**ACTIVITY:** Print, from the listing below, the lines starting at the line containing "Sexy girl blowing a candle" and ending at the line containing "My signature fragrance", exactly as they stand, and print nothing else.

**PROVIDED INFORMATION:**
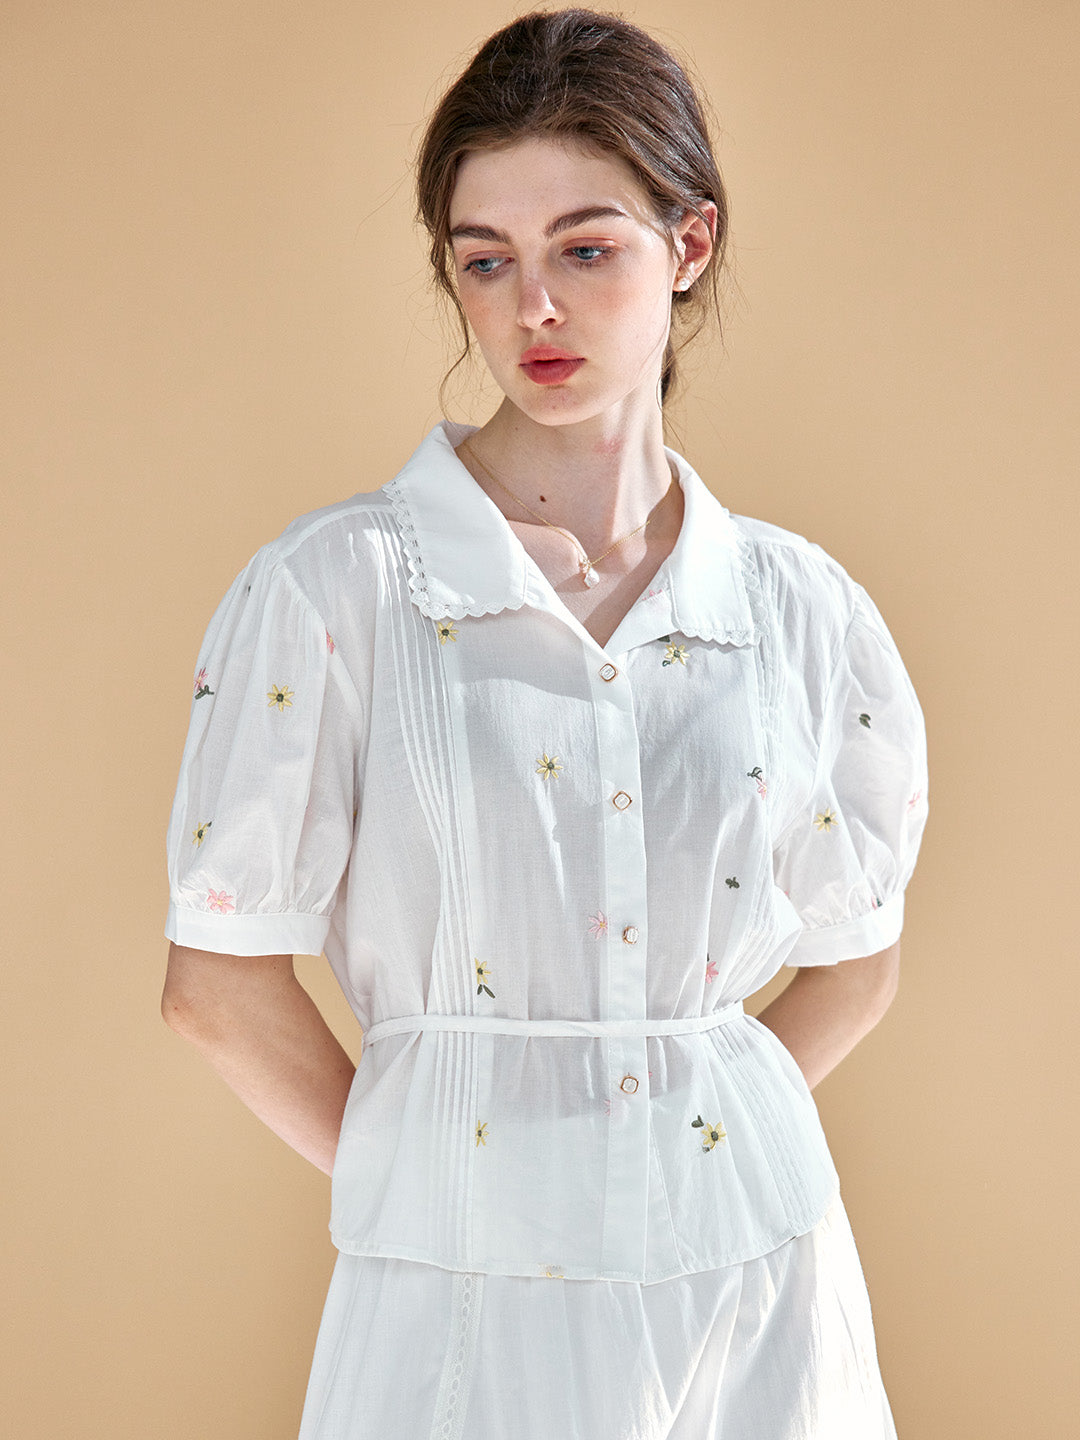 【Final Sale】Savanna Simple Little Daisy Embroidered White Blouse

---

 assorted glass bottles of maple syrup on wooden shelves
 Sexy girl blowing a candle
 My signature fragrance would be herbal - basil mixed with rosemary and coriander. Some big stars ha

--

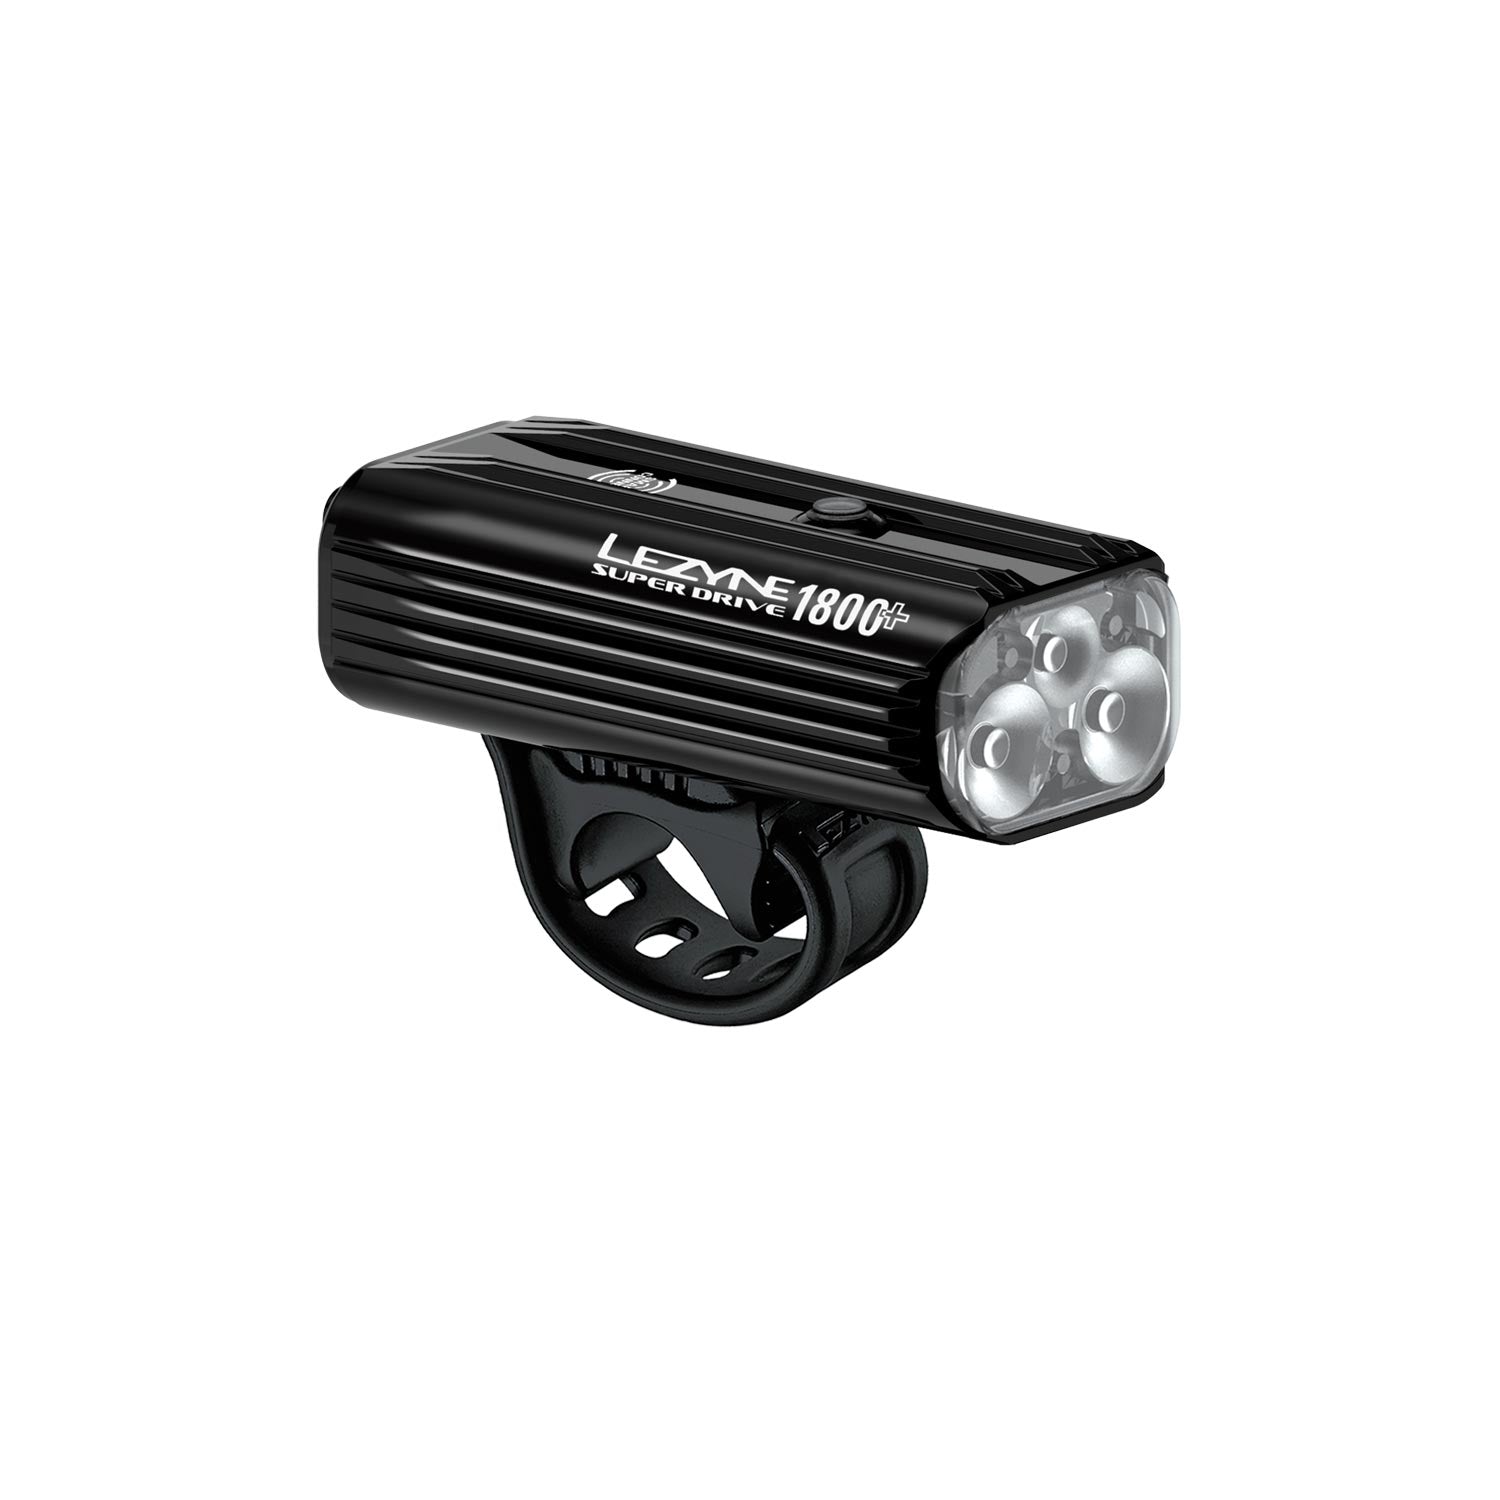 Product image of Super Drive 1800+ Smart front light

**PROBLEM SOLUTION:**
 Sexy girl blowing a candle
 My signature fragrance would be herbal - basil mixed with rosemary and coriander. Some big stars ha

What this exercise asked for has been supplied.